The most important thing is I used the [N-]word in a neutral circumstance which was not an attack. I was explaining a reality. So that's what makes it so odd. But I made a mistake using the word because it hurts people's feelings. It wasn't until 36 hours after I issued my own apology, and I was never asked to apologize. I took myself off the air, I had 15 more minutes left for the hour. I took myself off the air for the last hour of my show because I was so upset that I had blown an opportunity to make a point by using the word. And then I some six hours later wrote an apology, sent it to LARadio.com, gave it in the morning on my radio show. There was no media furor. There was not event a media report about it. I just decided I had done something wrong. I policed myself, I apologized. It wasn't until 48 hours after the event that the media got into it and then it got all, you know how it happens. That was way too bad, but I want to make it very clear that 36 hours after I issued an apology for using the word in a neutral circumstance, I was accused of being a racist, for goodness sake!
Where are our First Amendment rights headed if we as Americans are no longer free to speak out on these issues?
Well, when you have Nancy Pelosi saying she's going to investigate the people who feel profoundly, deeply, that a mosque should not be on Ground Zero, I think you can see where the First Amendment rights are going. It's bullying and it's scary. We're going in the direction of Russia, for goodness sake, where if you say the wrong thing you're toast. I find it very alarming. I do not find it as a bipartisan issue, I really don’t… I don't see the flip equivalent of Media Matters.
You told us before we went on air you feel kind of liberated by this decision, kind of freed to voice your own opinion now.
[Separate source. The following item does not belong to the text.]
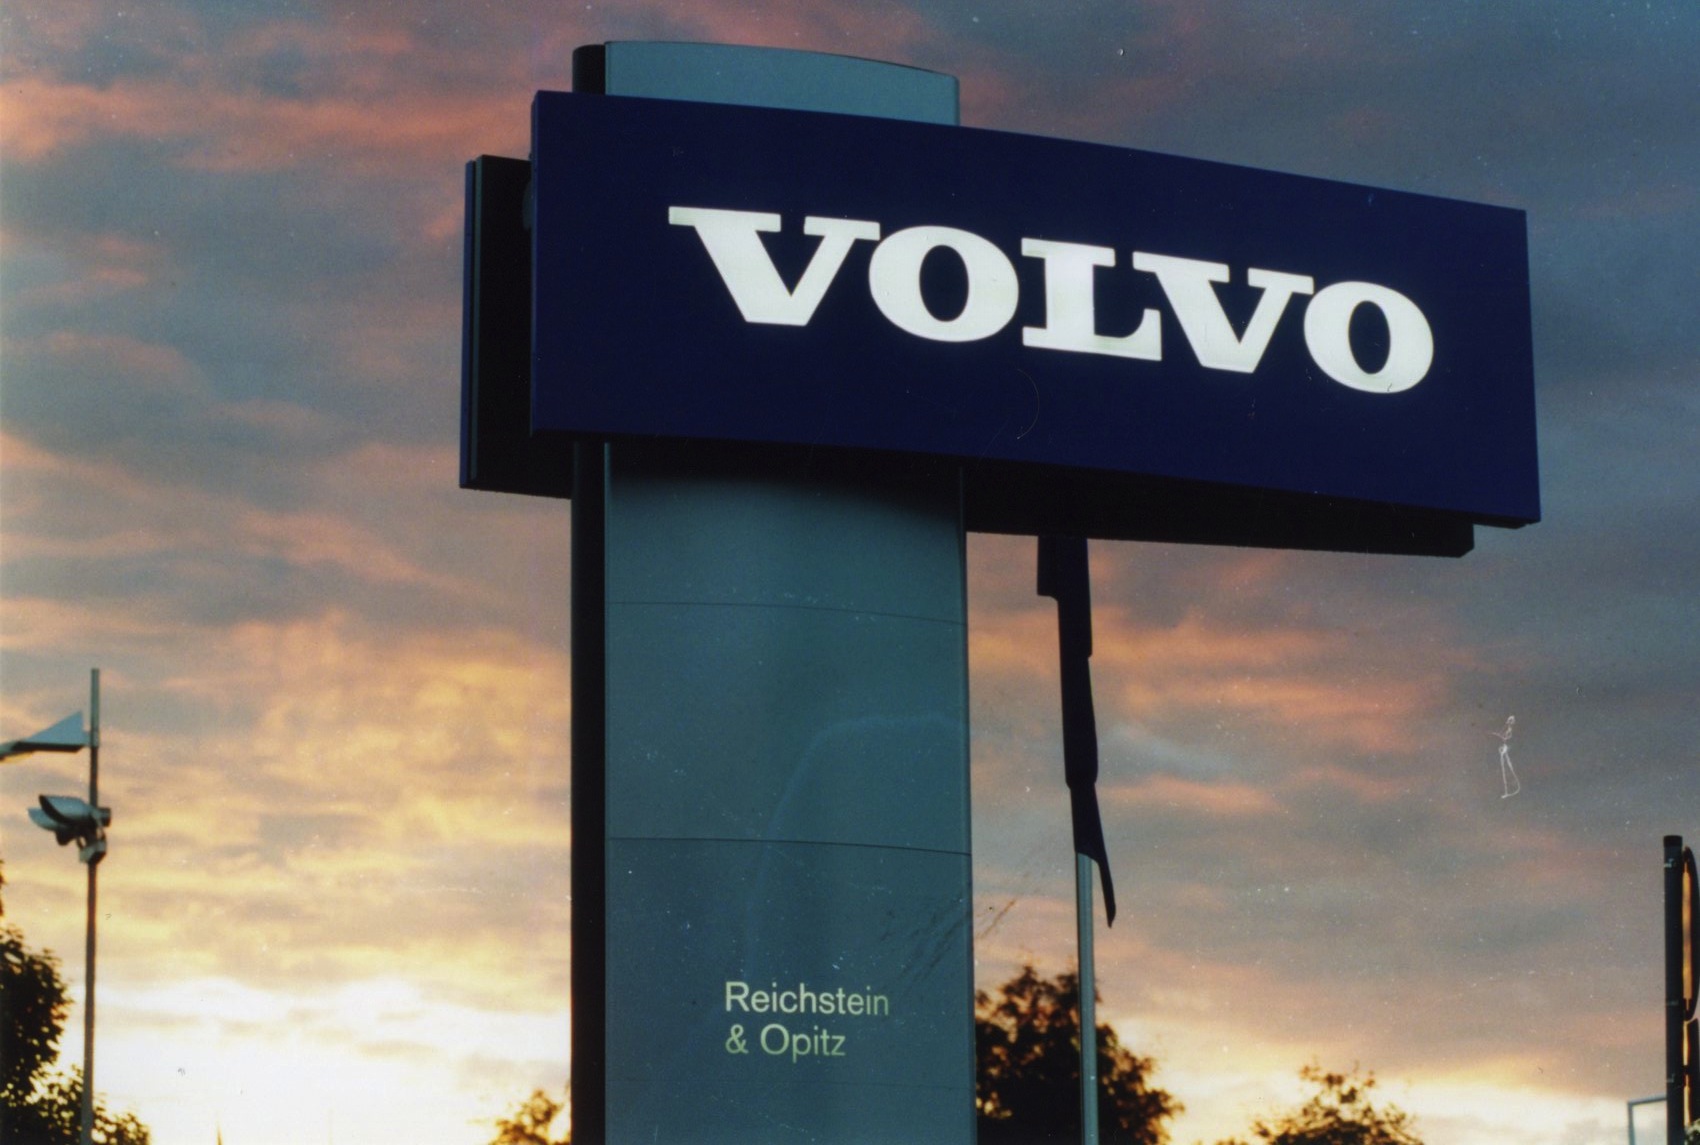 Reichstein & Opitz | Erweiterung um die Marke Volvo in Jena

Tell us how that's going to translate for your millions of fans all around the country.
Well, I can't tell you I'm certain yet. Before eight o'clock this morning I had two job offers. So I think there's going to be plenty of opportunities. Right now what I am focusing in on, we have a brand new Web site up today, it's real pretty, it's one picture of me doing exercising and I look flubby – I have to change that picture – but anyway other than that its gorgeous. We have a YouTube channel, I'm going to be doing more public speaking, obviously I'll be freer to do TV interviews and say my mind without 'We're gonna get her.' The blogs, the Newsmax column -- goodness knows where this is all going to go. I'm the kind of person, I'm kind of very gutty. I'm excited to see what all the options are going to be. I have four and a half months to figure that out. Meanwhile, I'm looking forward to the day when I can actually have lunch … because I work from noon to 3.
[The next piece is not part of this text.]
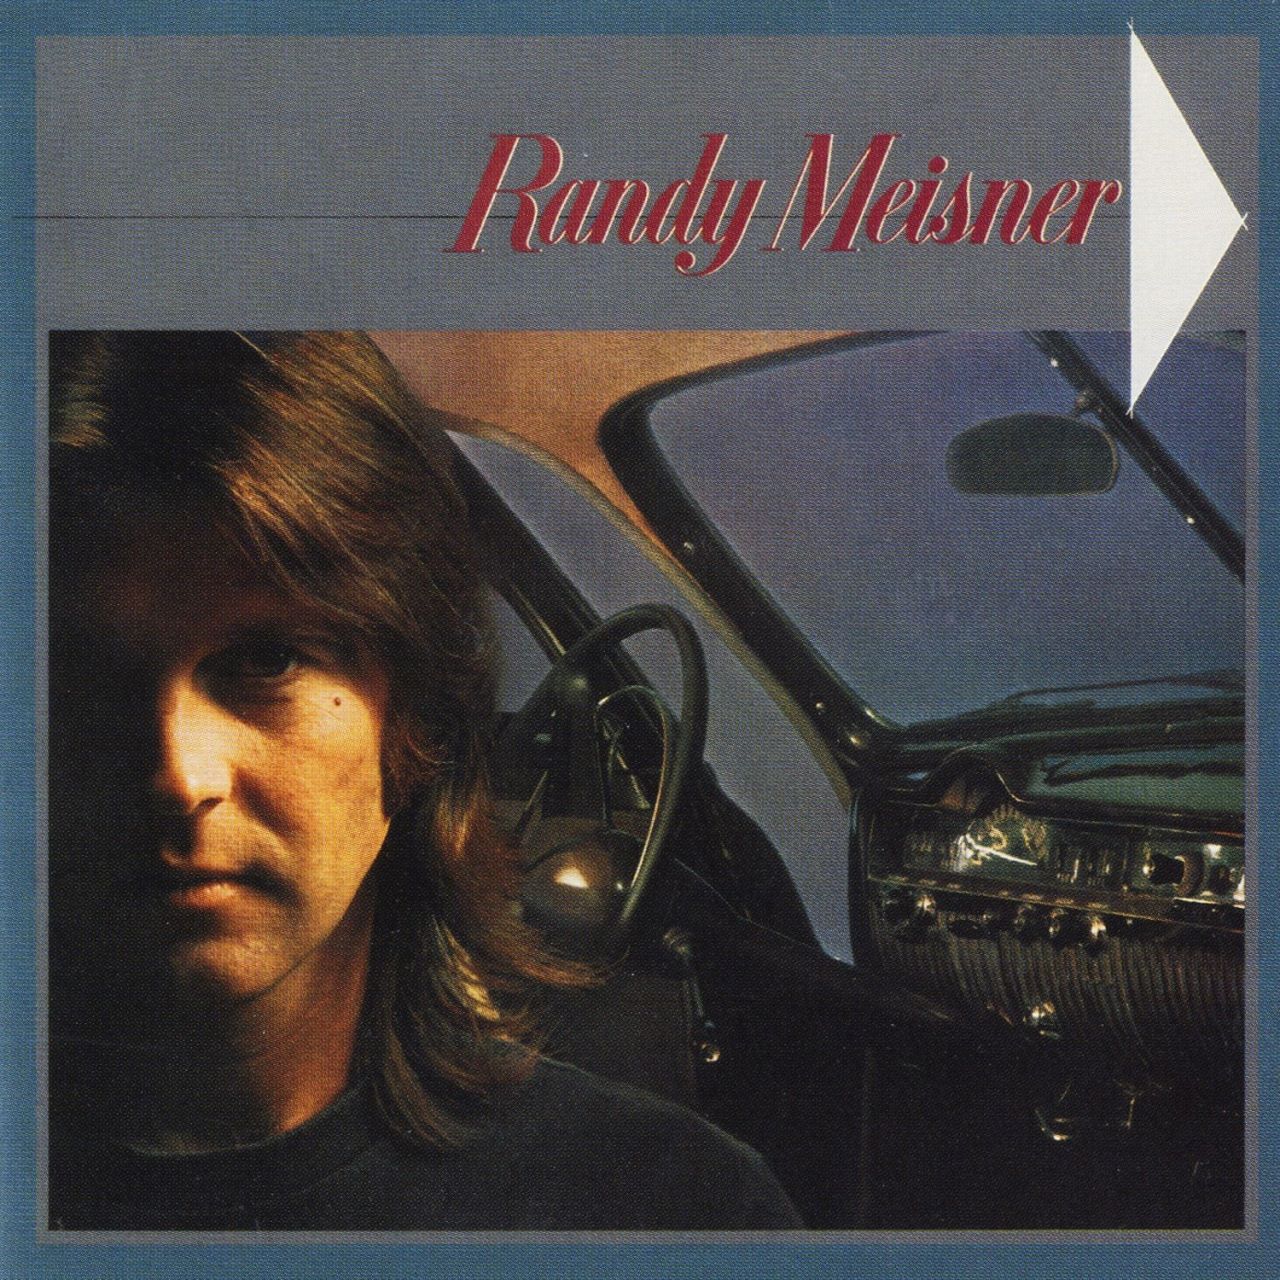 Randy Meisner - Randy Meisner cover album

Do you see any parallel between the reaction to your situation and the whole Shirley Sherrod kerfuffle?
At this point, I'm just focusing in on what I have experienced. I want my First Amendment rights back. I can't have them while I'm on radio without the threat of attack on advisers, advertisers, and stations by talking heads and organizations that want me silenced. I'm looking forward to my opportunities. I've got a great book coming out in January called "Surviving Shark Attacks on Land." It's about betrayal and revenge. So I'm really excited about that. I've got a million things that are coming up, most of which I don't even know about yet. I'm 63 years old, and I'm still like a kid waiting for Christmas, you know, I want to see what's in my stocking. And I'm just very optimistic because there's been so much support and enthusiasm and appreciation for my standing up. I'm good."